Personaggi


l’importante figura di Don Giancarlo Ruggini

Rovistando tra i tanti materiali ammucchiati, frutto delle iniziative intraprese in decine di anni, ho rintracciato la registrazione di un dibattito tenutosi in paese nel 1968 tra due sacerdoti, Don Ruggini e Don Borla con oggetto “Le dimensioni religiose dell’uomo moderno”. Il confronto fu organizzato nell’ambito del corso “Licenza Media per tutti” tenuto da giovani comunisti e giovani cattolici.

Allego il numero 6 anno 2008 de “Il Paese”, che ricordava l’evento e il file audio della conferenza in cui si possono apprezzare appieno la modernità delle affermazioni del prete di San Miniato.
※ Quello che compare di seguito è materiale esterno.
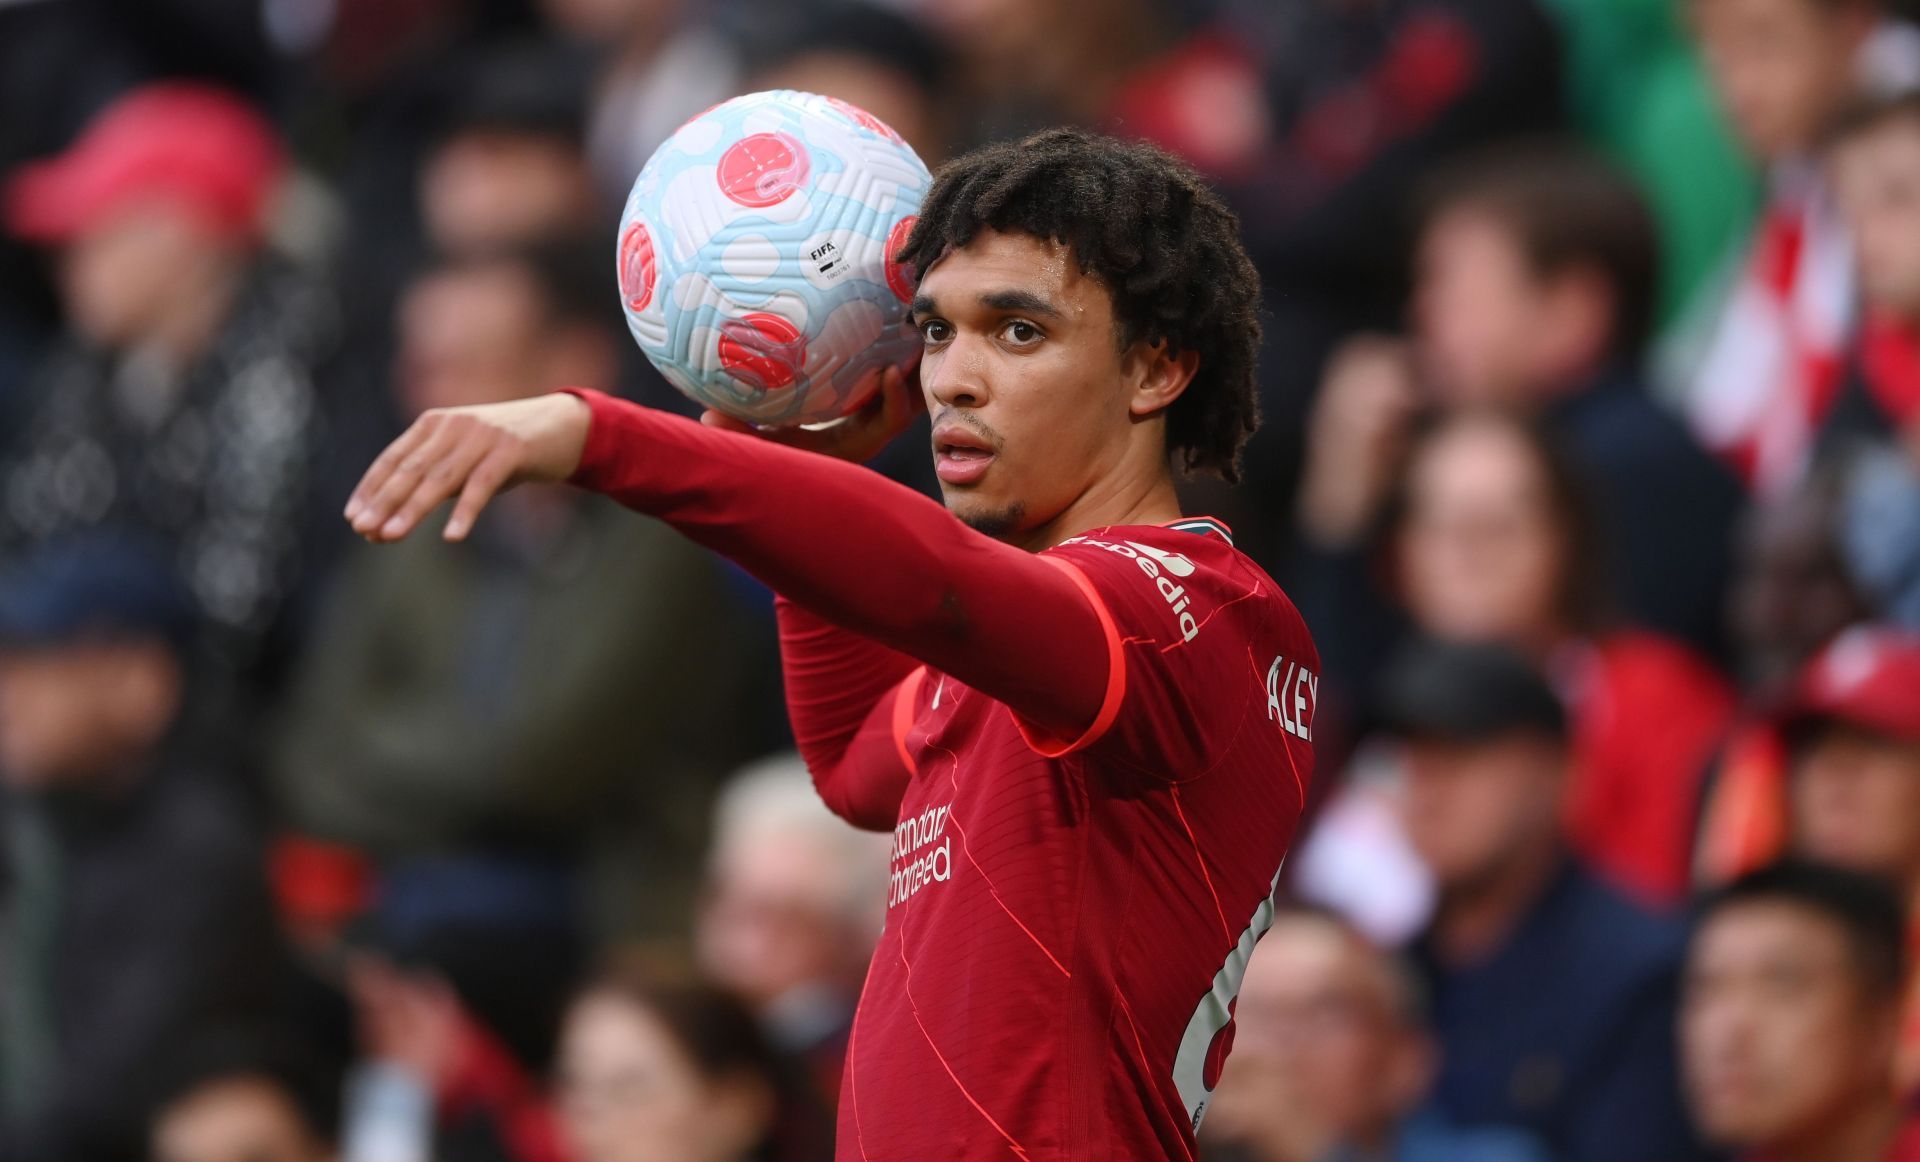 Trent Alexander-Arnold has been very productive in attack this season

                                                                                                         Graziano

Il Paese n. 6 anno 2008

Prima Parte

Seconda Parte

Terza Parte


Il Piccino

Il Piccino era un pezzo da novanta  dei tempi che furono, quando la banda era formata da elementi autoctoni. Quegli elementi e quella banda che a noi appaiono eterni; non può essere che siano venuti meno e che la banda sia cambiata più volte fino ad essere oggi, con i suoi più giovani esponenti, di nuovo un’espressione della butesità. Il Piccino suonava il bombardino e l’impegno che metteva nel voler ricoprire degnamente il suo ruolo era segnato dalle prove che effettuava in modo instancabile. Erano sempre le stesse, poche note di accompagnamento: “Po’, po’, po’ “. Non le melodie che pure si possono trarre dal bombardino. Talvolta, però, quel “po’ po’ po’” regolare veniva storpiato. Allora, il Piccino, drammaticamente consapevole dell’errore commesso, esclamava sconsolato: “Ber mi morì”.

Scopro in ritardo che nel 2013 avevamo già dedicato un trafiletto al Piccino. Però quell’espressione, quel “Ber mi morì” vale certamente più di due trafiletti.
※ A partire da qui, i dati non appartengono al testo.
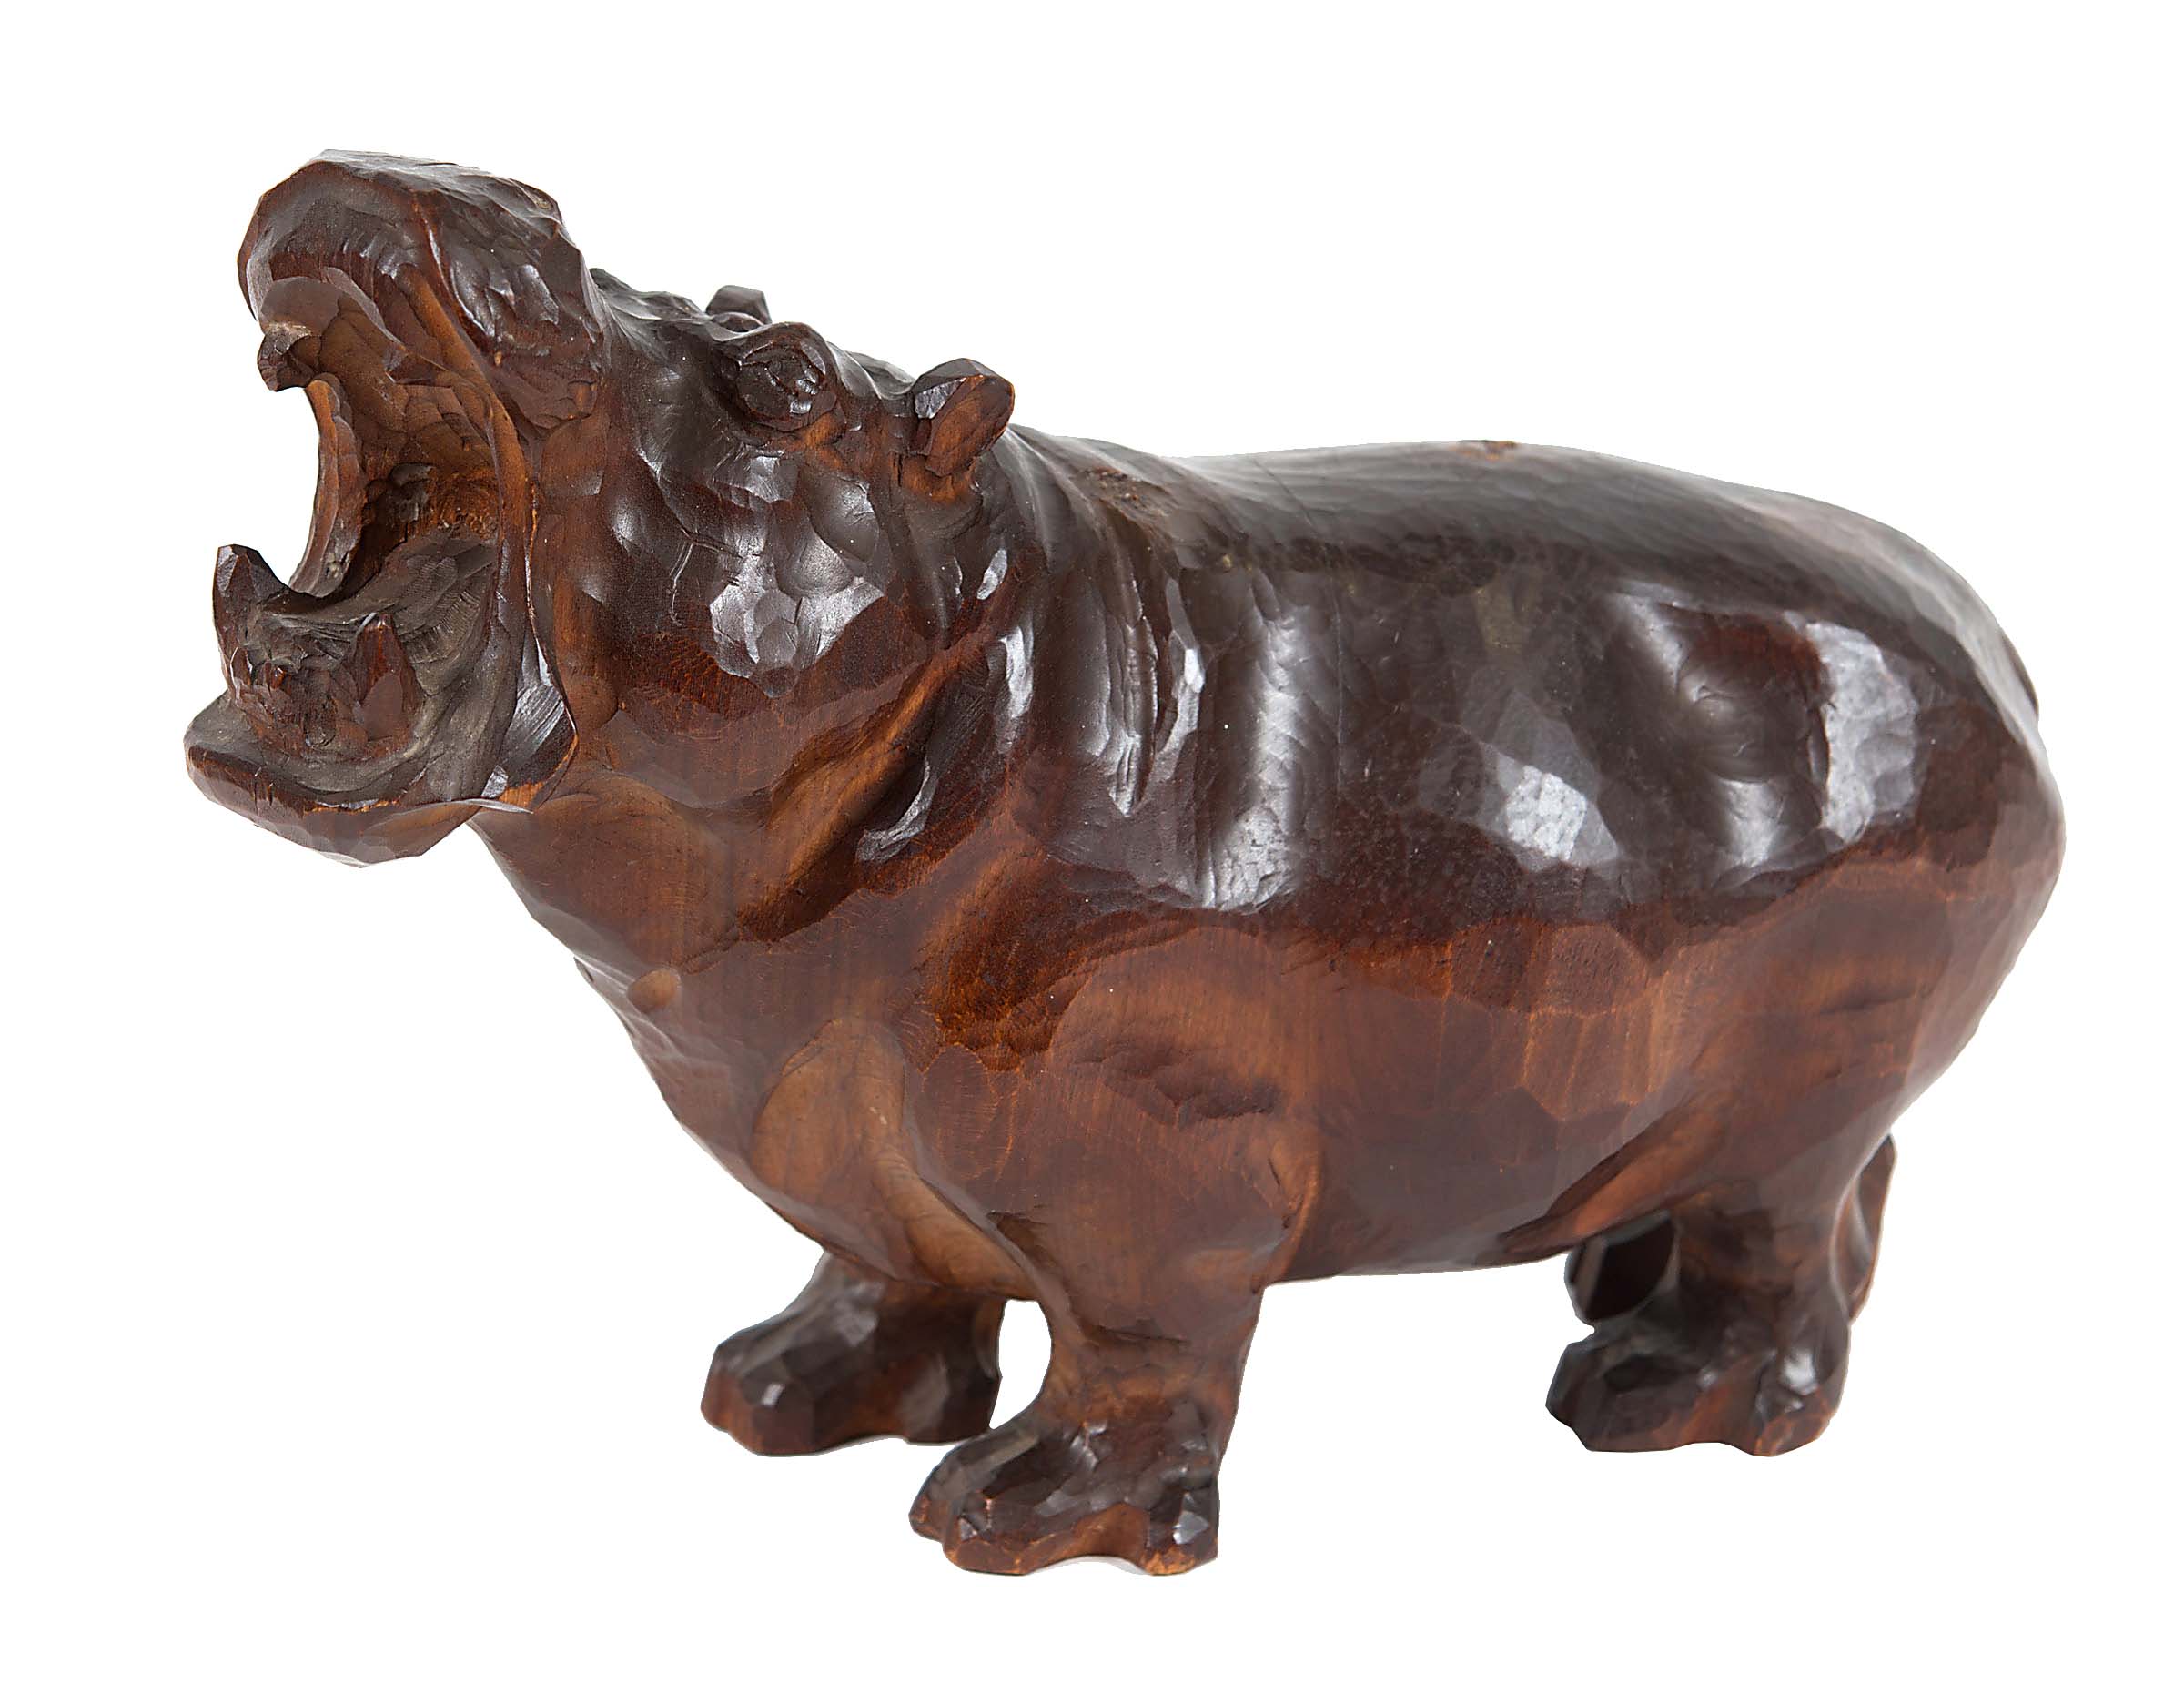 WOODEN FIGURE OF A HIPPO - BLACK FOREST a carved wooden figure of a Hippo, probably made in the

Vi consiglio l’ascolto di un virtuoso del bombardino che esegue un bel motivo di Astor Piazzolla.


Corrado Vichi

Le persone più attempate ricordano come Corrado Vichi si rivolgeva ai fascisti paesani: “Non mi toccate la bicicletta che poi sono costretto a disinfettarla”. Episodi come questi diventarono proverbiali attirando sul nostro nubi minacciose accompagnate da bastonature e olio di ricino. Per evitare conseguenze più gravi, Corrado fu costretto ad emigrare in Francia dove lavorò come cameriere per quindici anni.

Al rientro  a Buti fu il primo segretario della Sezione del Partito Comunista. Ad attestare l’autorevolezza conquistata per il suo passato di coerente antifascista, si ricorda un episodio in occasione del rapporto Kruscev al XX congresso del PCUS , che segna l’inizio di un processo comunemente definito “destalinizzazione”, in virtù del quale vi fu la definitiva caduta del regime totalitario e una parziale liberalizzazione della vita politica e culturale dell’URSS. Il PCI incontrò forti resistenze a far passare alla base le nuove posizioni. La Federazione di Pisa inviò a Buti un giovane funzionario, Anselmo Pucci (dirigente contadino molto stimato anche qui in paese), a dettare la linea. Sfortunatamente per lui dovette confrontarsi con Corrado Vichi che lo apostrofò così: “O bimbo, digli al Paolicchi (il segretario della Federazione di allora) che venga lui a spiegarmelo cosa è stato il compagno Stalin”. E al Pucci, che stimava incondizionatamente il Vichi per quel passato cui si faceva cenno sopra, toccò tornarsene a Pisa con la coda tra le gambe. Così il Pucci raccontò l’episodio  alla Patrizia Dini, che gli fu collaboratrice per tanti anni alla Regione.